Shares of investment manager Pendal Group jumped more than 8% in Tuesday’s selloff after it surprised on the upside with a solid interim result.
The shares ended at $5.33 but had been up as much as 10% – not a bad reaction in a market that saw the ASX 200 dive 2.5% at the opening after another rough session on Wall Street on Monday.
Pendal reported a net profit of $96.7 million for its the half compared to $89.9 million for the same period in 2020-21.
Helping keep the shares up in the sell-off was news in the release that underlying profit after tax increased by 59% over the same time last year to $131.4 million.
Total revenue and other income rose 20% to $351.9 million as average funds under management climbed 37.3% during the period thanks to the takeover of a big US fund manager.
The full six-month contribution from US investment management firm Thompson, Siegel & Walmsley (TSW) – bought at the end of the 2021 financial year drove the improved result.
“We have seen TSW’s value strategies outperform in the past quarter and despite cautious US investor sentiment, TSW’s international strategies have seen inflows,” said according to Pendal CEO, Nick Good.
“The integration of TSW is tracking well… Execution of a coordinated sales strategy has begun, with cross-selling opportunities emerging.”
On the face of it a 20% jump in costs in the half year would have had investors screaming, but much of that reflected the costs of the new US operation.
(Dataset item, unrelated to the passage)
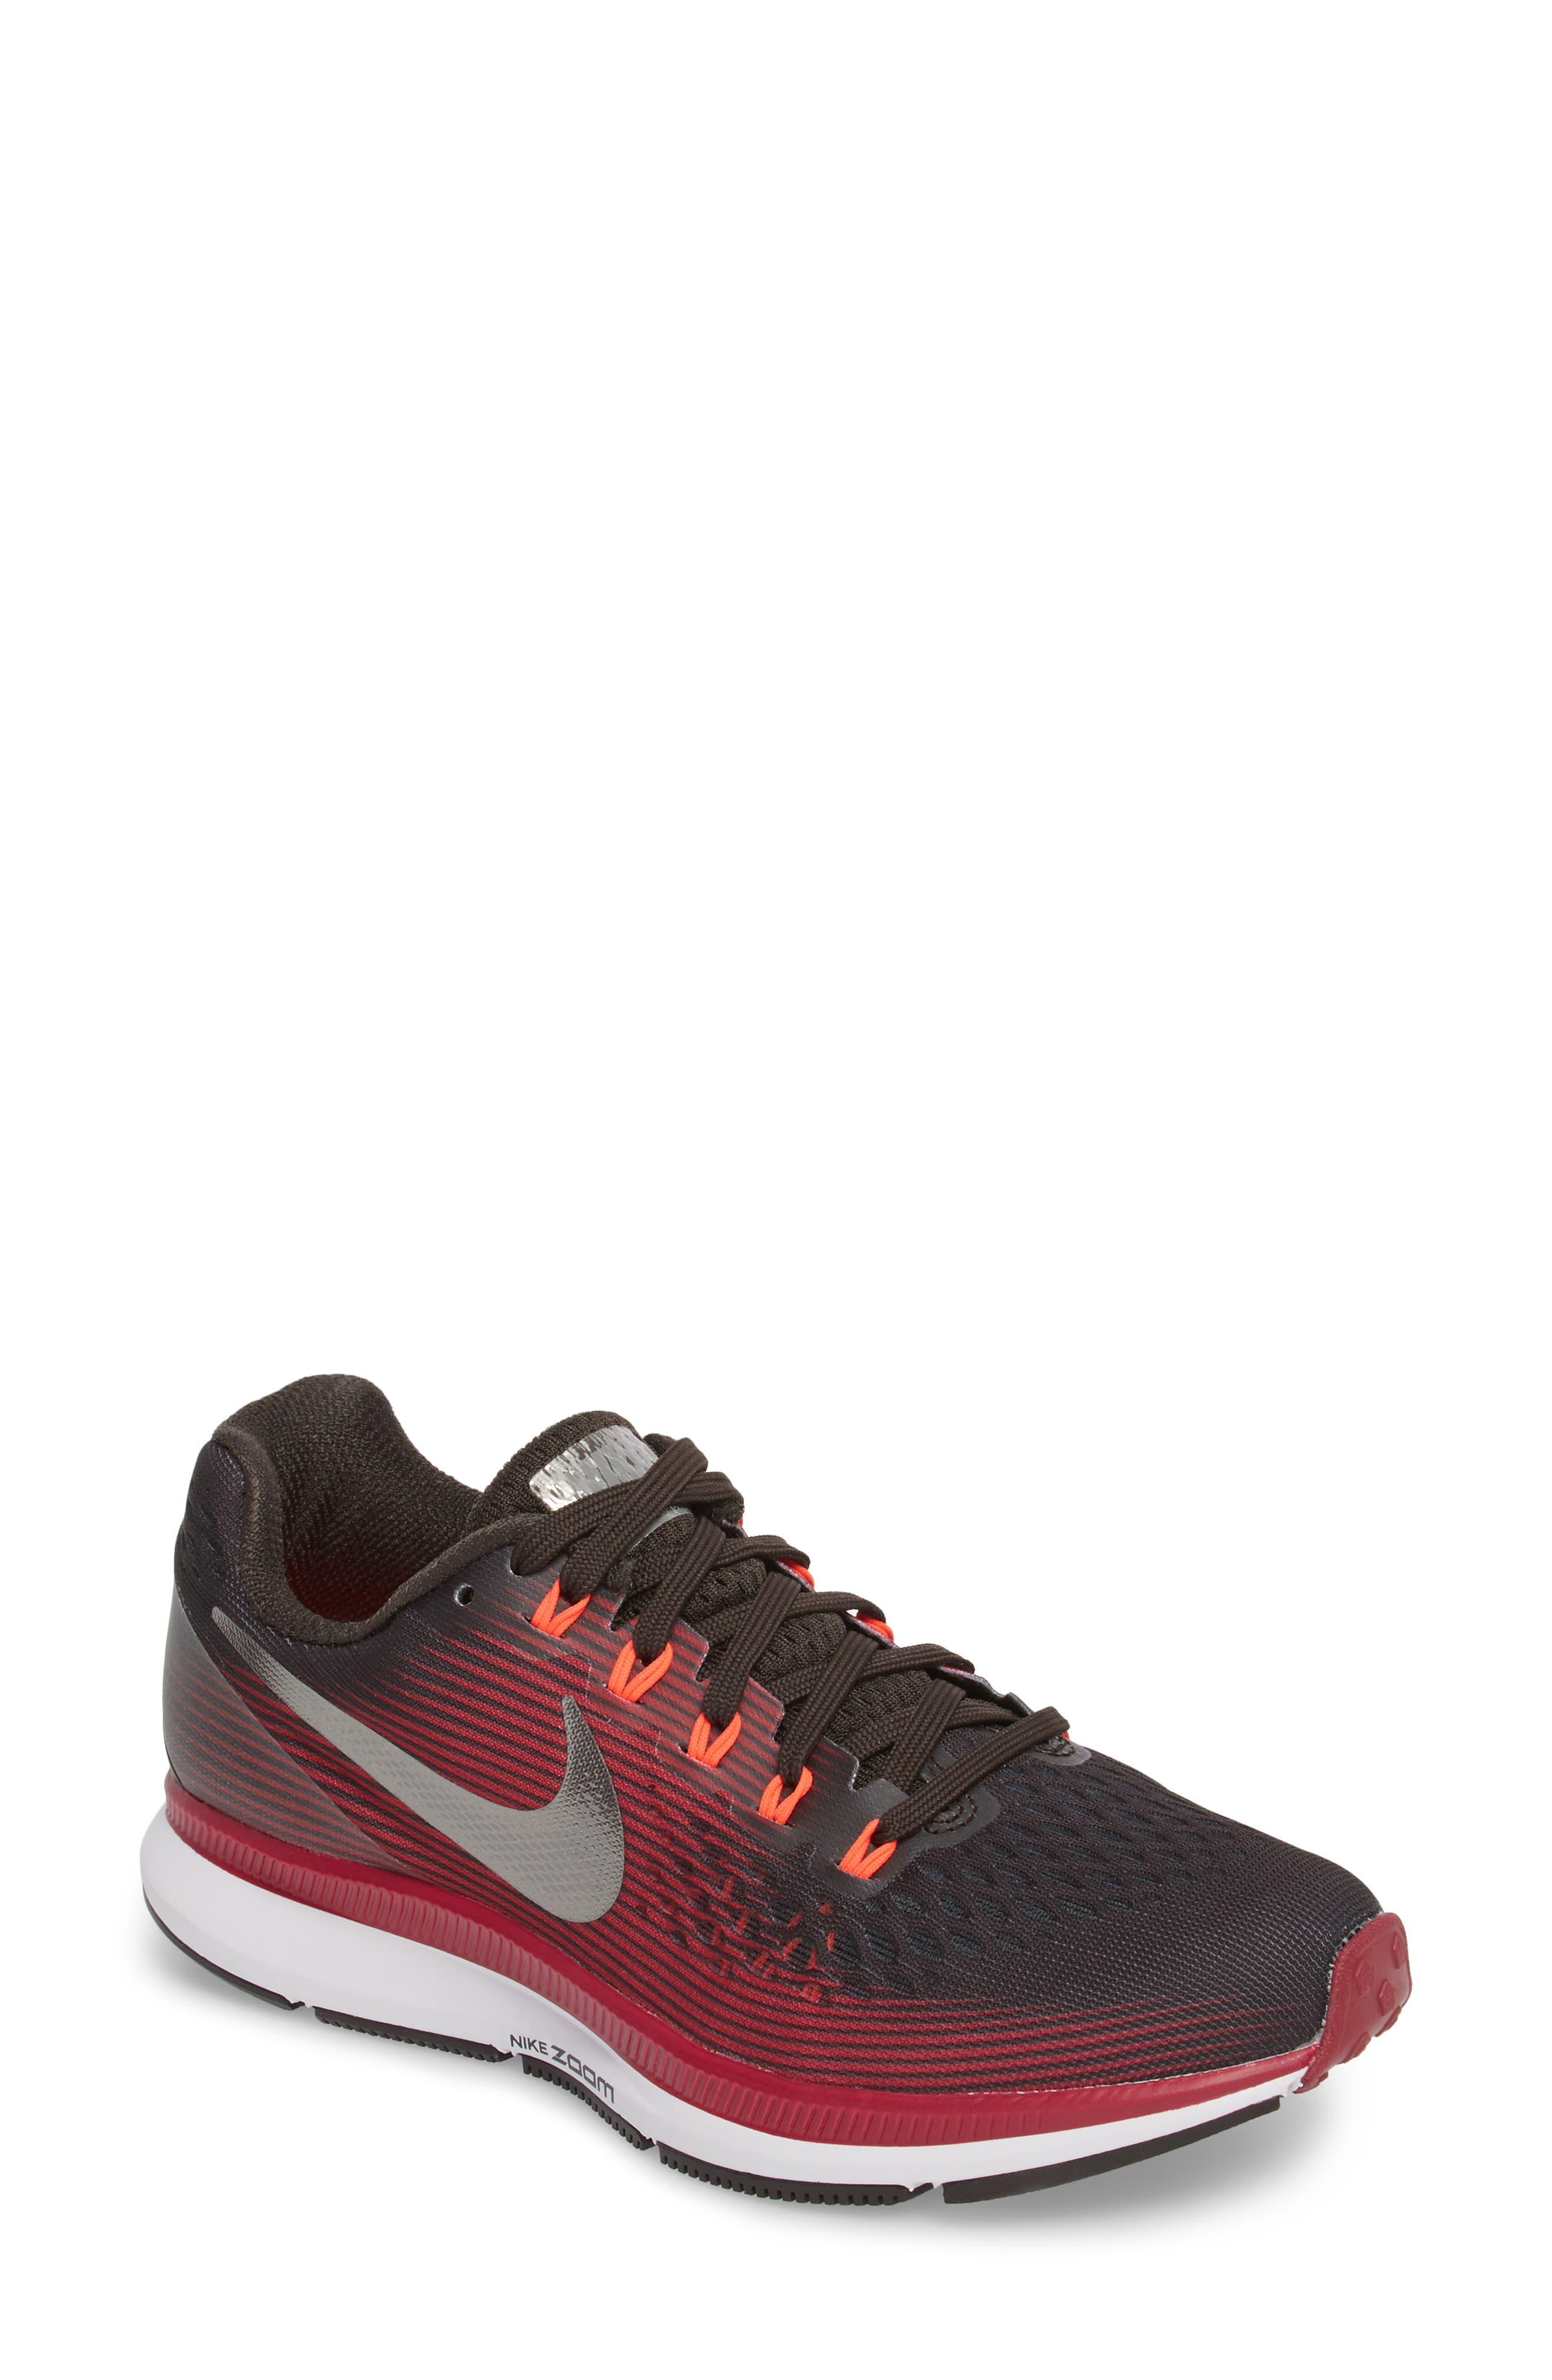 Air Zoom Pegasus 34 Gem Running Shoe,                         Main,                         color, Shadow Brown/ Pewter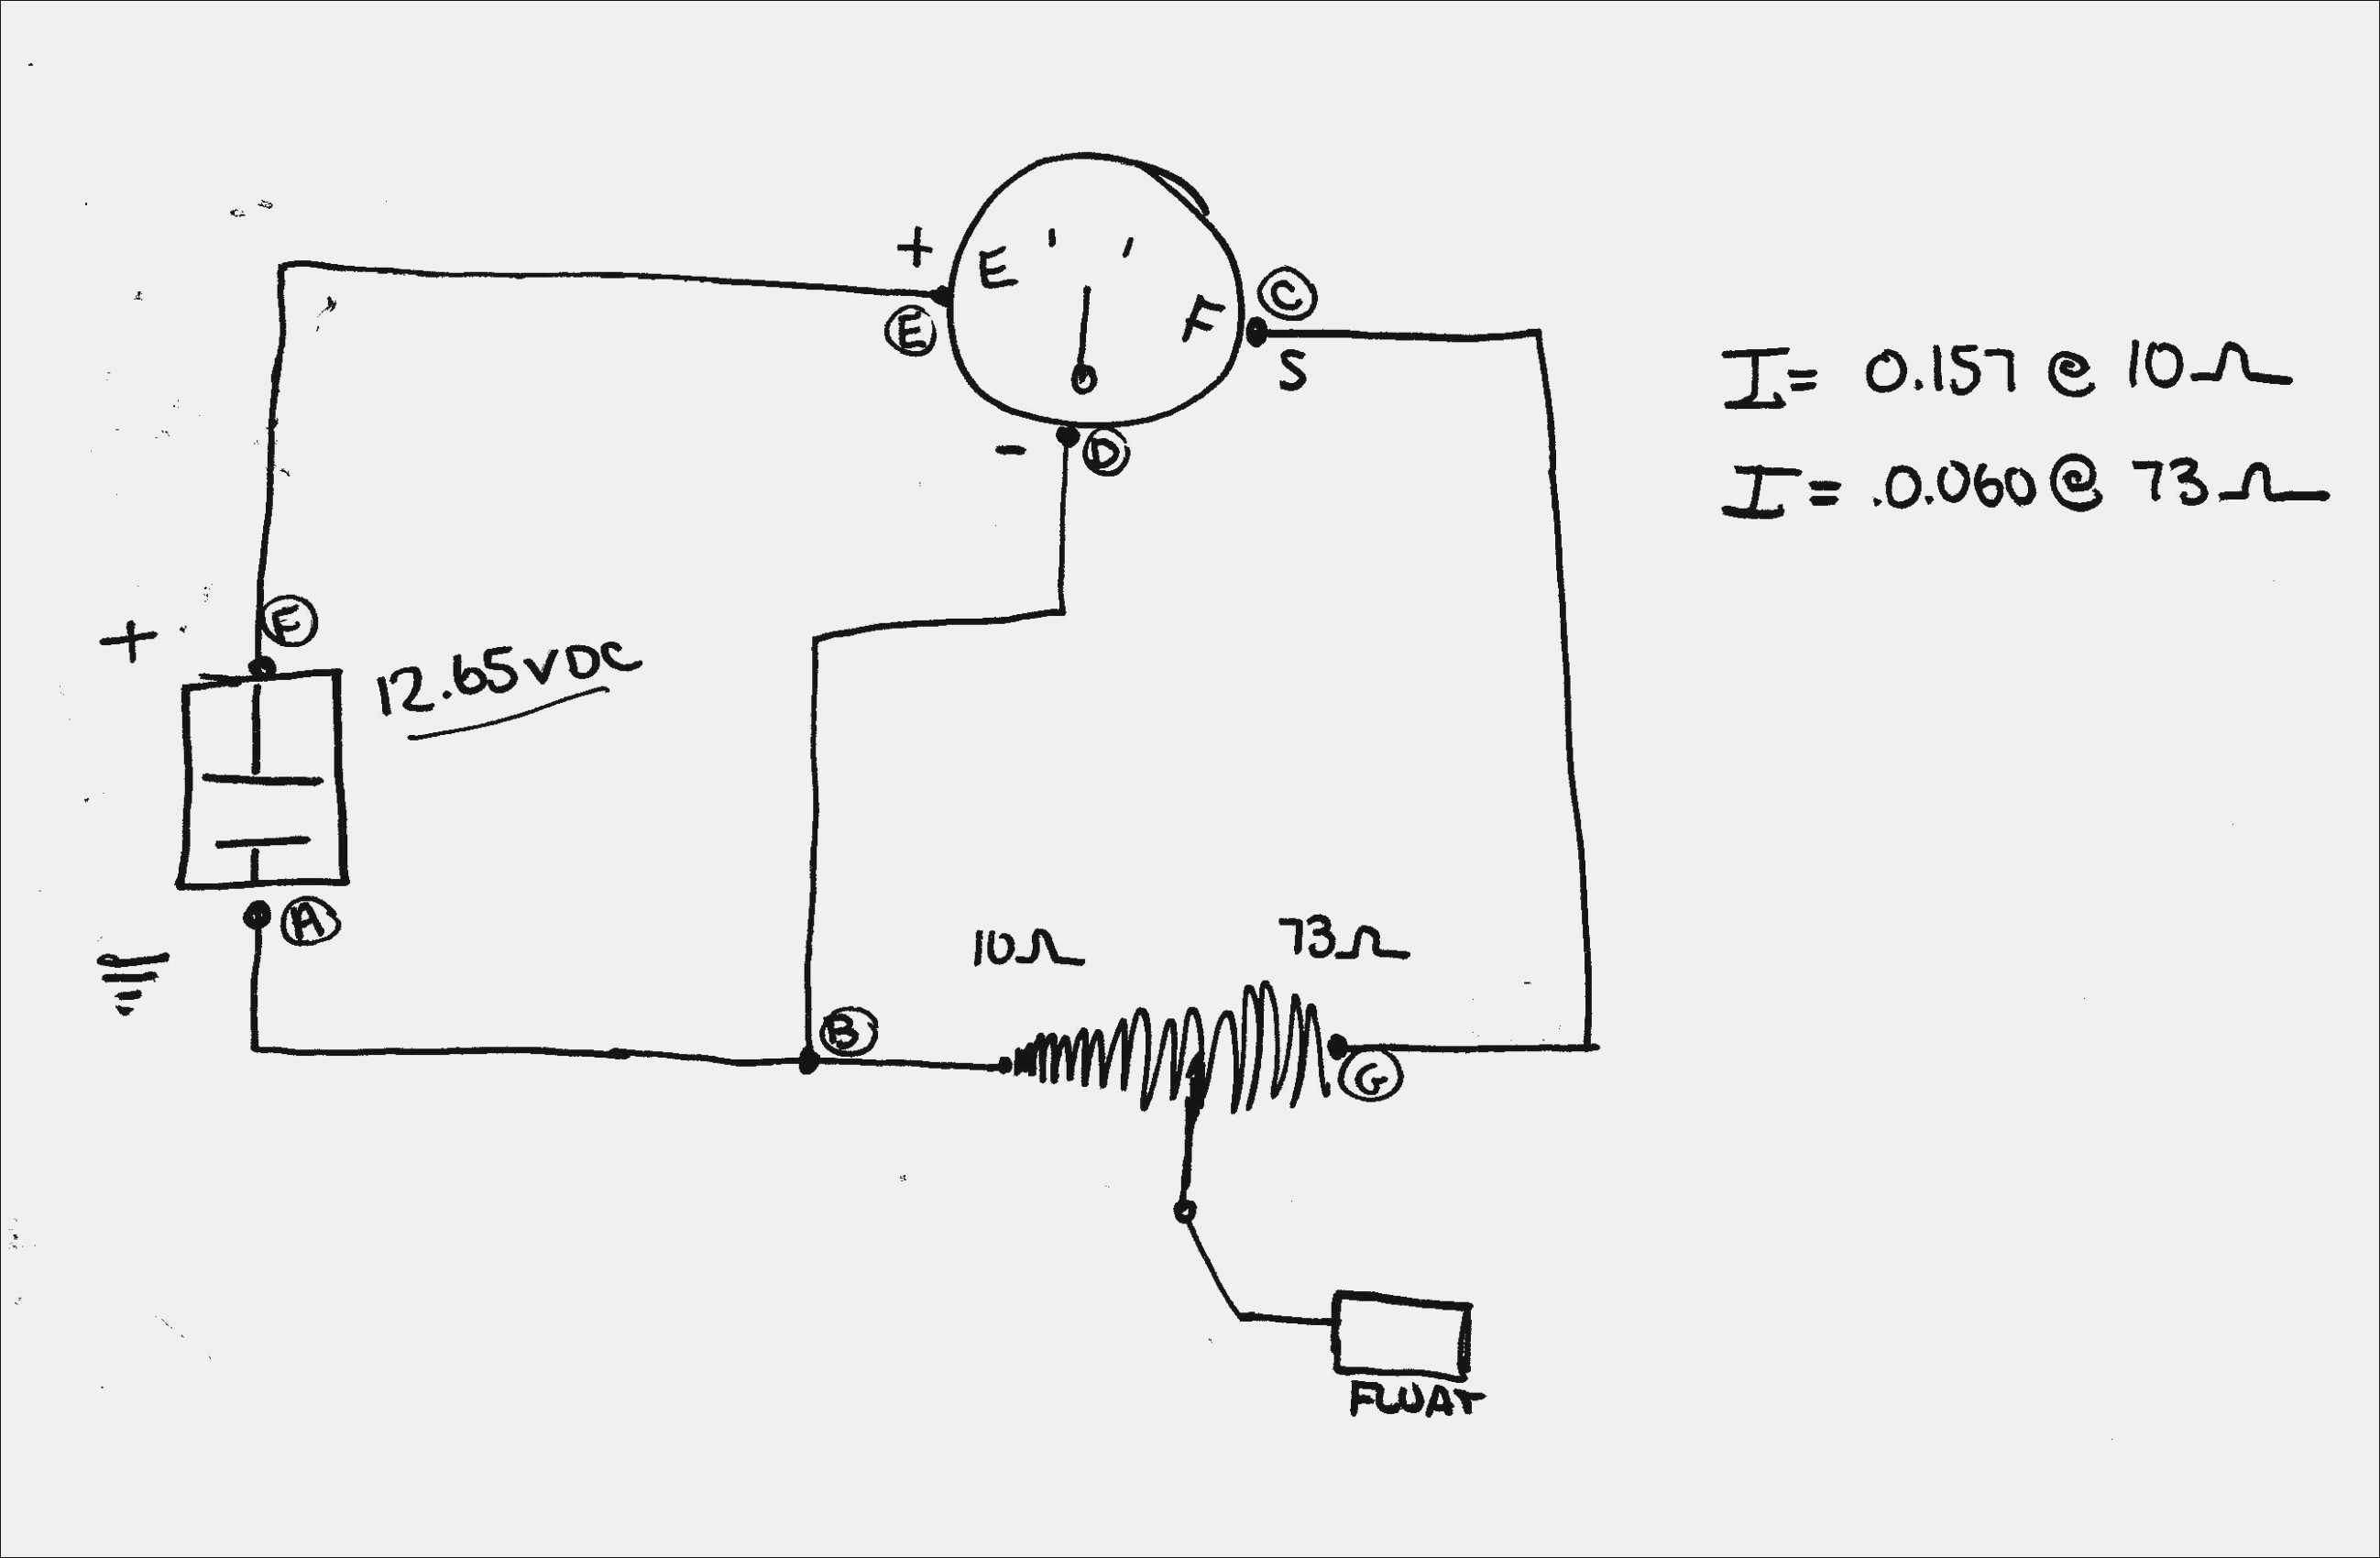 Wiring Diagram Fuel Gauge Manual - Today Wiring Diagram - Fuel Gauge Wiring Diagram

Excluding those, costs rose a sedate 4% which is far more pleasing to the market.
Pendal is the subject of a $2.4 billion takeover bid by Sydney based investment rival Perpetual, which values it at $6.23 a share.
Pendal will pay a partly franked interim dividend of 21 cents a share, up 24% and no doubt designed to keep shareholders from saying ‘yes’ to Perpetual, as is a $100 million buyback now underway – and useful in the current market volatility.